Homogeneous and heterogeneous problems were matched on three important factors, the side of the larger operand, mean correct sums, and mean percentage deviations. The larger of the two operands was on the left position (e.g., 67 + 26) in half the problems and on the right position (e.g., 18 + 73) in the other problems. Moreover, mean correct sums were 68 for both types of problems (ranges were 44-86 for homogeneous problems and 42-82 for heterogeneous problems). Finally, for each homogeneous and heterogeneous problem estimated with rounding-down and rounding-up strategies, percentage deviations were calculated with the following formula: ([estimate sum − correct sum]/correct sum) × 100. For example, percentage deviations were 10.3% and 15.4% on 41 + 37 when using rounding-down and rounding-up strategy, respectively, and were 16.7% and 11.1% on 48 + 24 when using rounding-down and rounding-up strategy, respectively. Mean percentage deviations between correct sums and estimates for homogeneous problems were 15.0% (range = 4.1%-31.8%) and 15.2% (range = 3.9%-30.4%) when using rounding-down and rounding-up strategies, respectively. Similarly, mean percentage deviations between correct sums and estimates for heterogeneous problems were 15.2% (range = 9.1%-30.2%) and 15.1% (range = 9.8-25.0%) when using rounding-down and rounding-up strategies, respectively. Matching these percentage deviations was necessary because having one strategy with mean percentage deviations smaller on average than those of the other strategy might artifactually lead participants to use the former strategy most often. When one strategy was the best on a given problem, the estimate provided by that strategy was closer to the correct product by 10.1% on average (range = 3.9%
Finally, based on previous research in arithmetic (e.g., see Campbell, 2005, or Geary, 1994, for overviews in adults or children), problems were selected with the following constraints: (a) No operand had 0 or 5 as unit digits, (b) digits were not repeated in the same unit or decade positions across operands (like 64 + 24), (c) no digits were repeated within operands (e.g., 66 + 31), and (d) no reverse orders of operands were used (e.g., 47 + 32 was used, 32 + 47 was not).
Procedure
Before encountering the experimental problems, participants were told that they were going to do computational estimation. Computational estimation was explained as giving an approximate answer to an arithmetic problem that is as close as possible to the correct answer without actually calculating the correct answer. An example was worked out with participants who were told, “For example, if I have to estimate 28 + 41, I can do 20 + 40 and give 60 as an approximate solution to the problem. I can also do 30 + 50, or do anything else that yields an approximate answer.” Then, all participants were told,
You are going to see two sets of 50 two-digit addition problems each, with a break in-between. Your task is to tell me an approximate sum for each problem. To estimate the sums, you can use either rounding-up or rounding-down strategy, and no other strategies. Rounding-down means that you round each operand down to the closest smaller decades, like when you do 20 × 40 to estimate 26 × 42. Rounding-up strategy means that you round each operand up to the closest larger decades, for example when you do 30 × 50 to estimate 26 × 42. For each problem, I want you to try to find the best strategy that will give you the most exact sum. The most exact sum is the one that is the closest from the exact sum. [This was illustrated with a couple of examples.] However, be careful. Because I do not want you to give me the exact sum but an approximate sum, you will not have the time to calculate the exact sums, as your estimates should be stated very quickly.

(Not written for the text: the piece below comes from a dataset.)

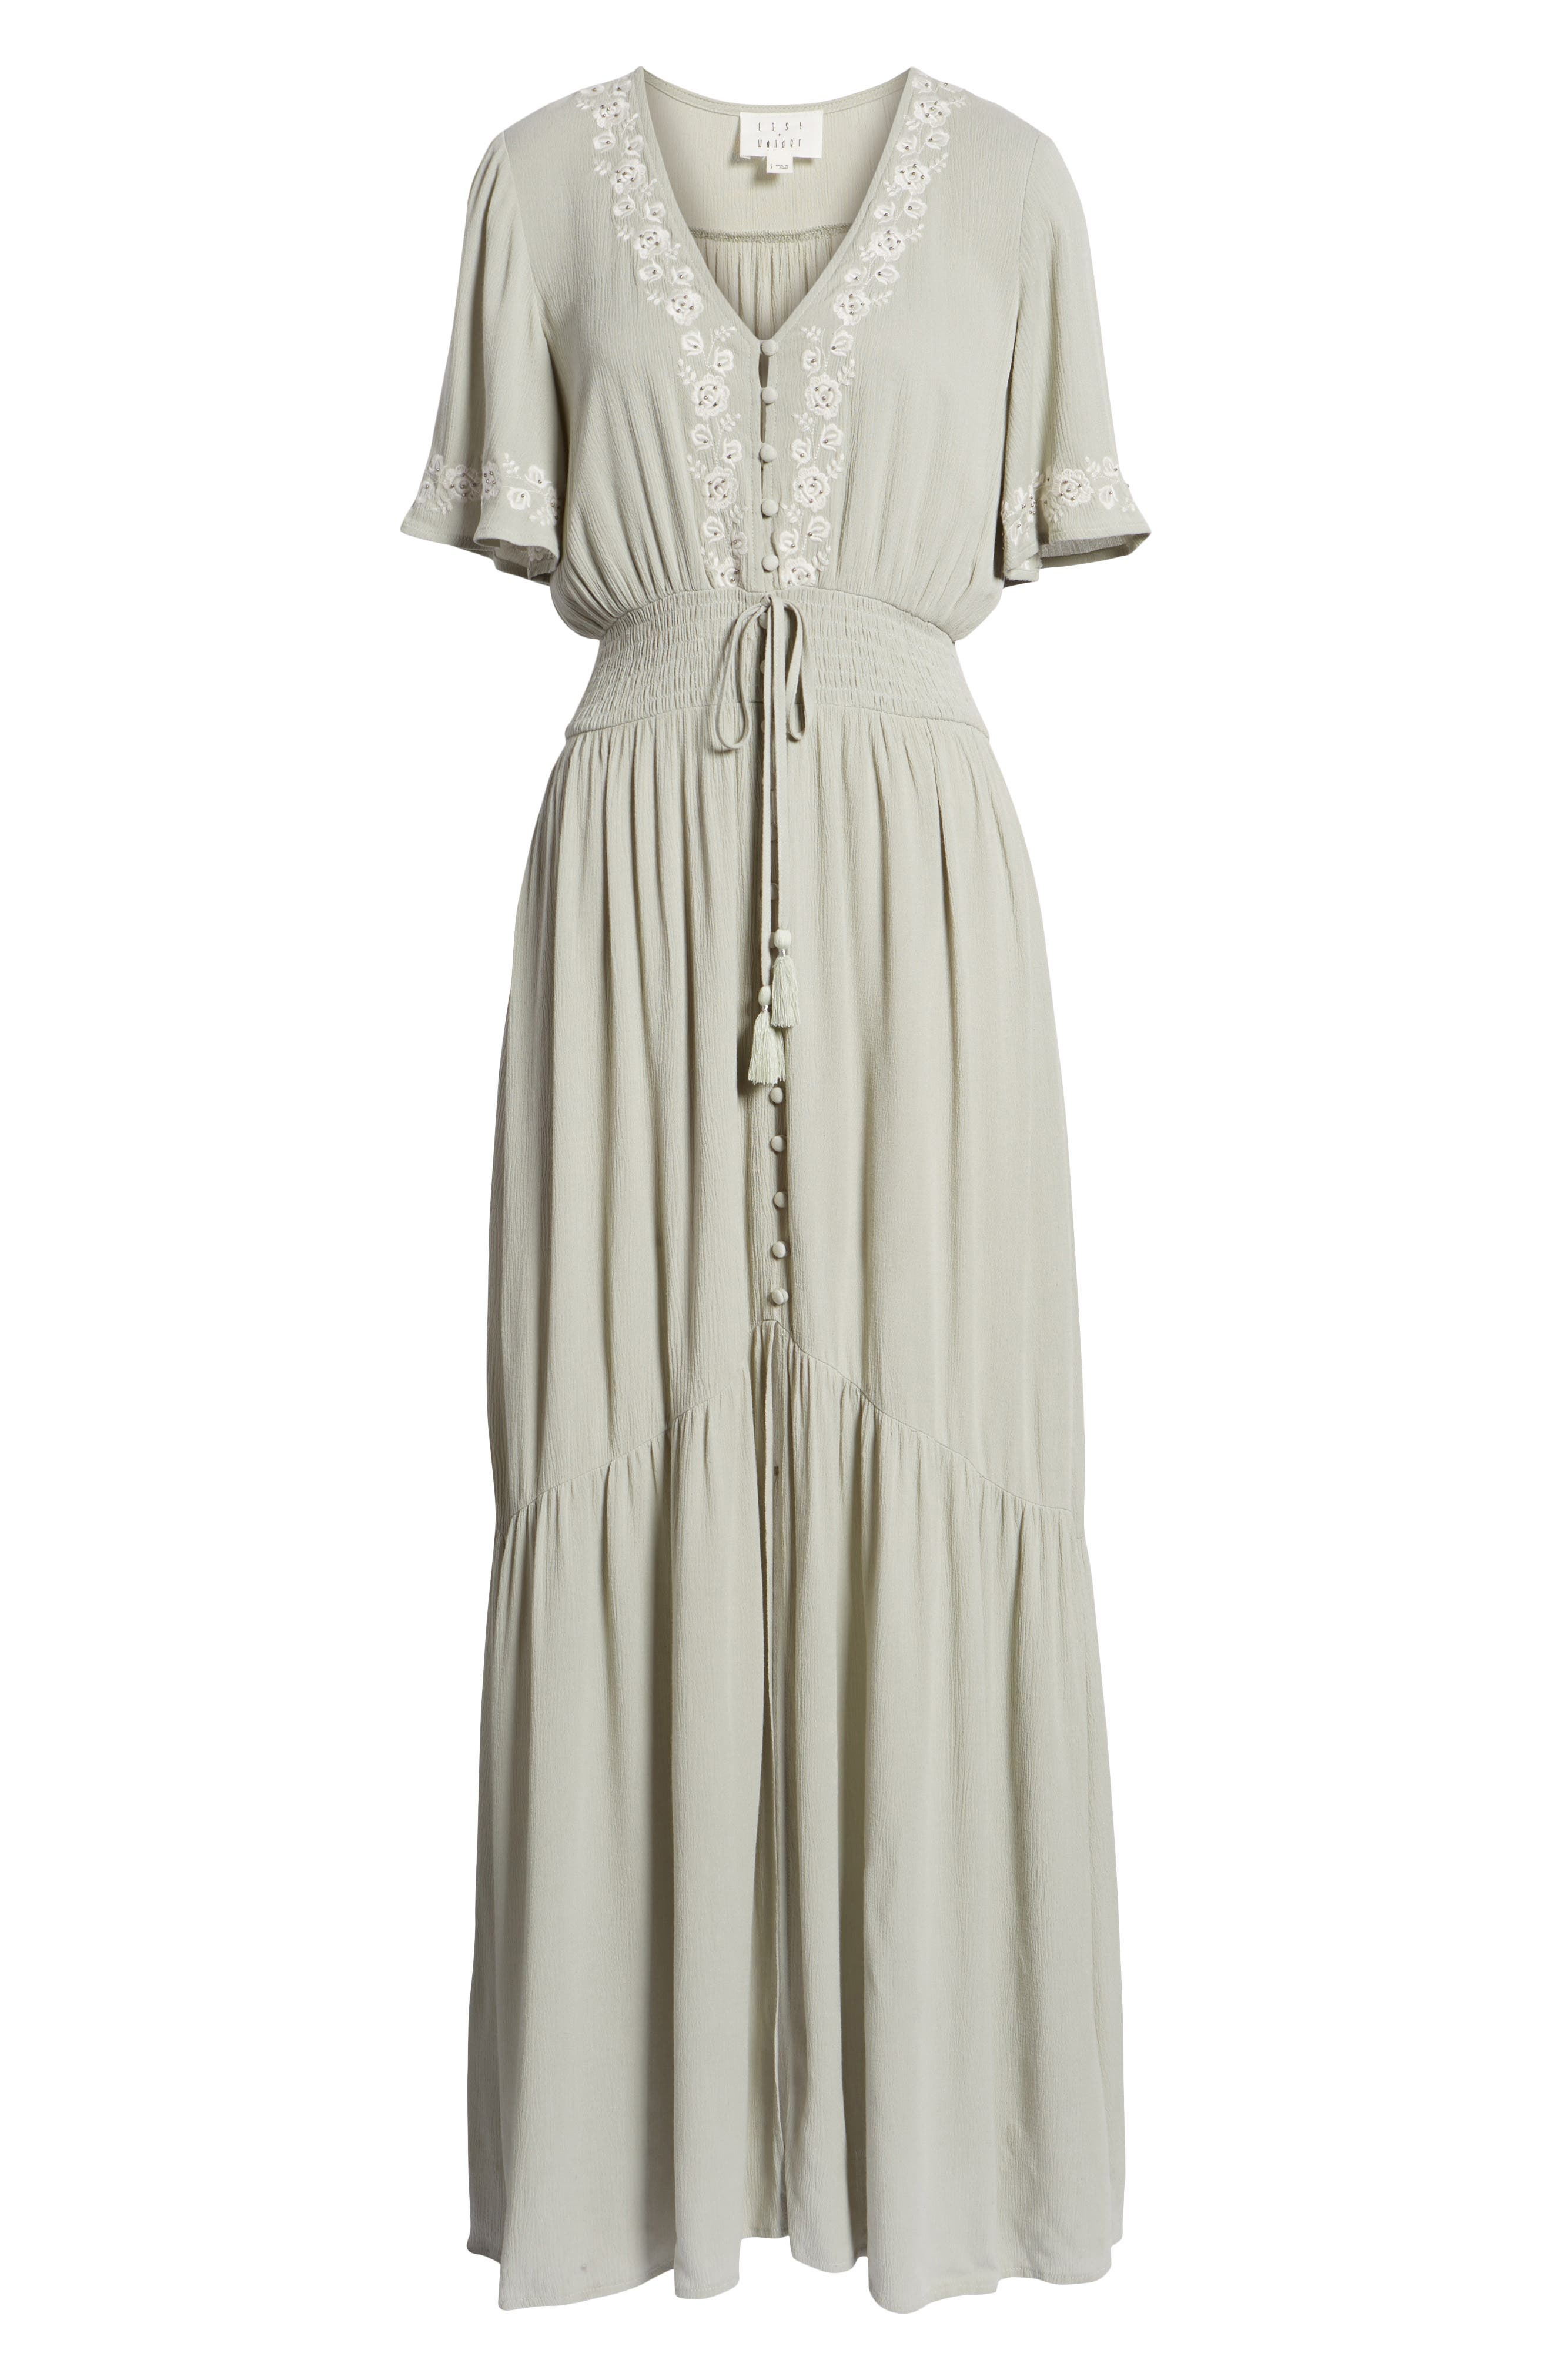 Athena Embroidered Maxi Dress,                             Alternate thumbnail 7, color,                             300
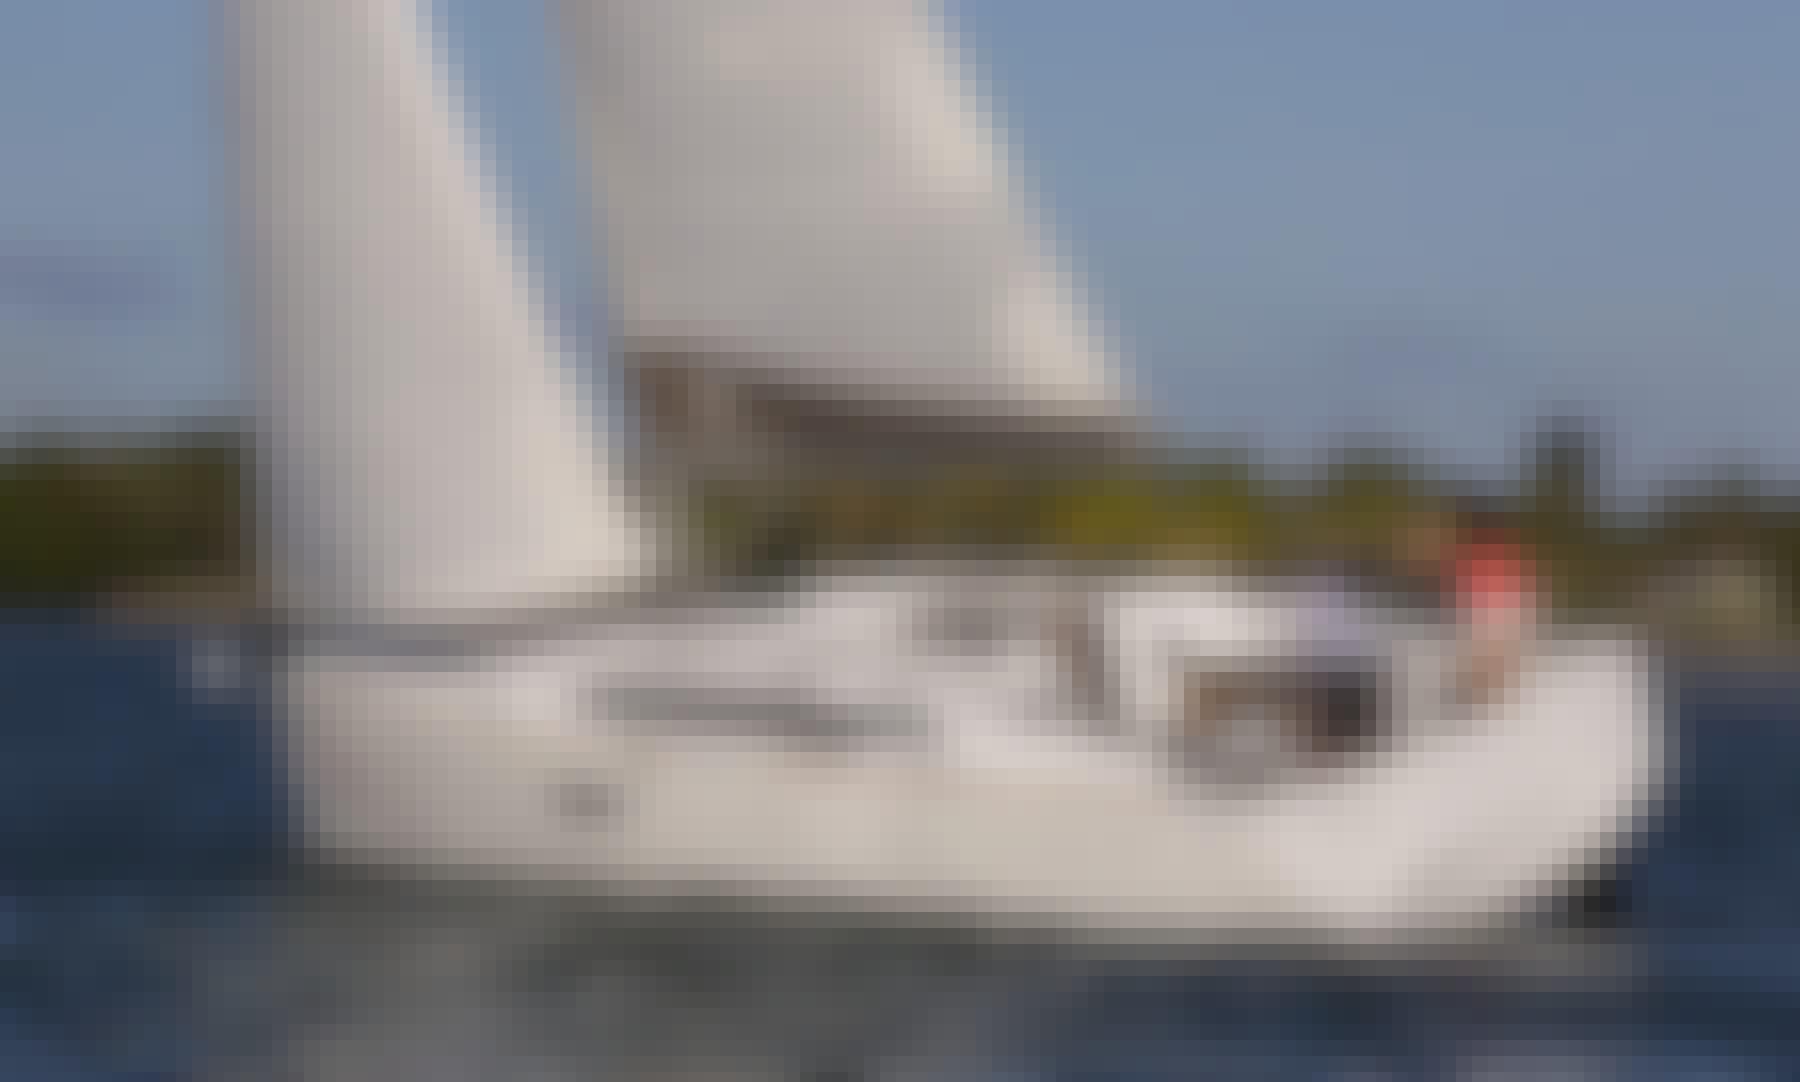 2021 Jeanneau Sun Odyssey 349 Sailing Yacht Charter in Arona, Canarias

Instructions also emphasized that participants should do only the initial rounding up or down and should do nothing more (i.e., adding or subtracting small amounts after calculating the sum of rounded operands). Before the experimental trials, participants were given 10 training problems that were similar to (but different from) experimental problems to familiarize themselves with the apparatus, procedure, and task. All individuals had no difficulties with either rounding-down or rounding-up strategies.
At the beginning of the practice trials, some participants wanted to use mixed-rounding strategy (i.e., rounding one operand down to the closest smaller decade and rounding the other operand up to the closest larger decade). After a few practice problems, all participants understood that this strategy was not allowed. At the end of this training, children had no difficulties with the instruction on trying to select the best strategy on each problem.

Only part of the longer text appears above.